But how did this happen in a true tropical paradise?

For thousands of years, the natives of Nauru lived like other Polynesians: they fished (but didn’t hunt, because no mammals are native to the island) picked coconuts and tropical fruit, and were remarkably healthy. This idyll endured until the mid-20th century, when the island was first occupied by the Japanese army during World War Two, then liberated by the Australians, before the island proclaimed its independence. At around this time someone first noticed that the reason a large part of the island was uninhabitable was because 90% of the territory is covered in a layer of phosphate several meters thick. This, incidentally, was formed from the feces of seabirds accumulating over long centuries.
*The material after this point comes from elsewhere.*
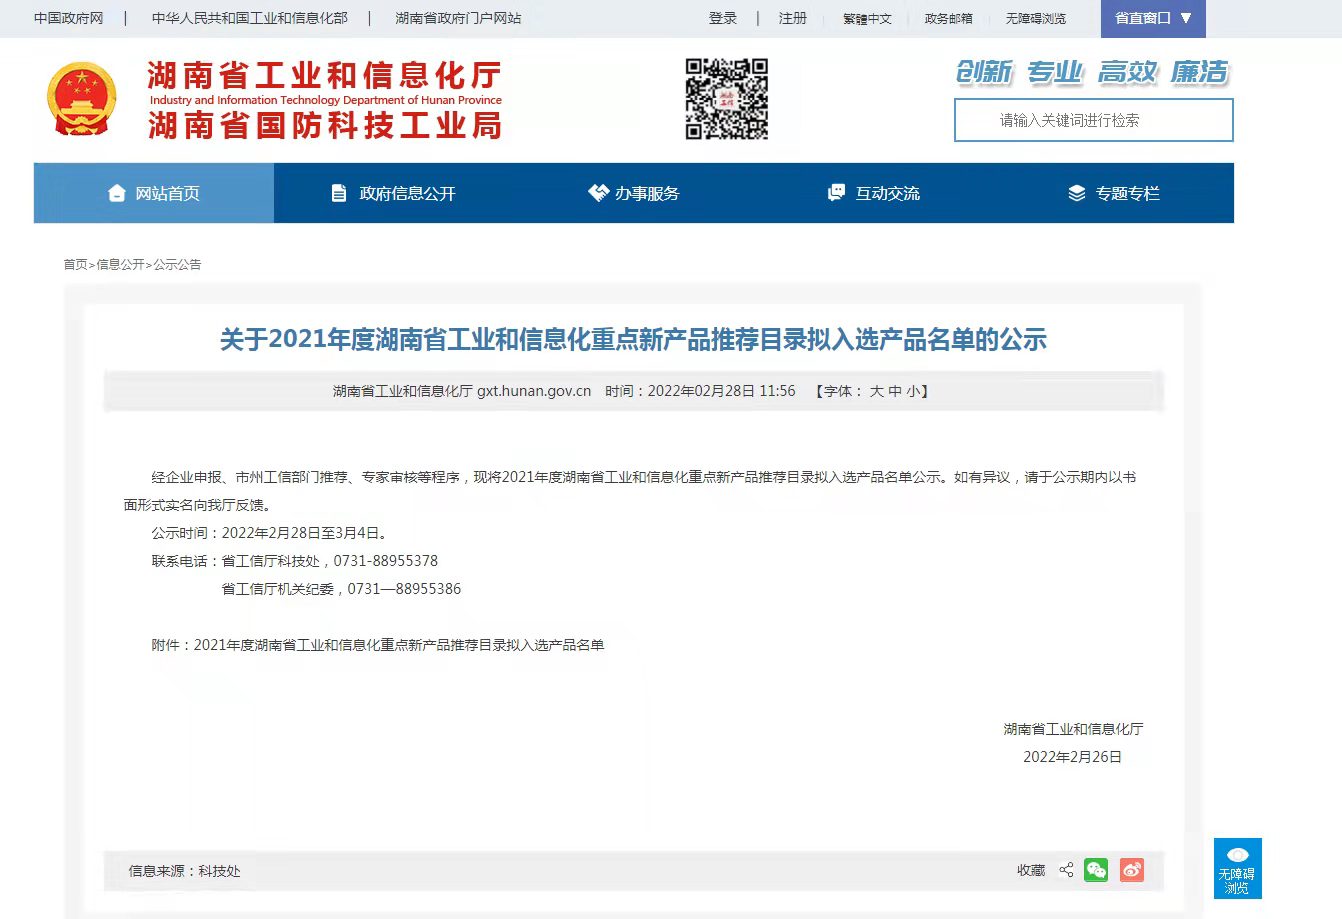 旺坤食品级不锈钢管材及管件入选湖南省工业和信息化重点新产品推荐目录

From the 1960s onwards, this phosphate was extracted by open-cast mining, and this brought huge sums of money to the island, compounded by the fact that it became a paradise of tax dodging and money laundering. Individual income tax has been abolished, and there was a period when anyone could establish an officially recognized bank on Nauru – all you needed was to put up $25,000, and no further questions were asked. In the 1970s Nauru had the highest GDP per capital on the planet. With huge sums of money at its disposal, the government launched a series of seemingly random investments, buying up hotel chains in Australia and launching a national airline. At one point they had so many Boeings that they could have put 20% of the country’s population aboard them at the same time.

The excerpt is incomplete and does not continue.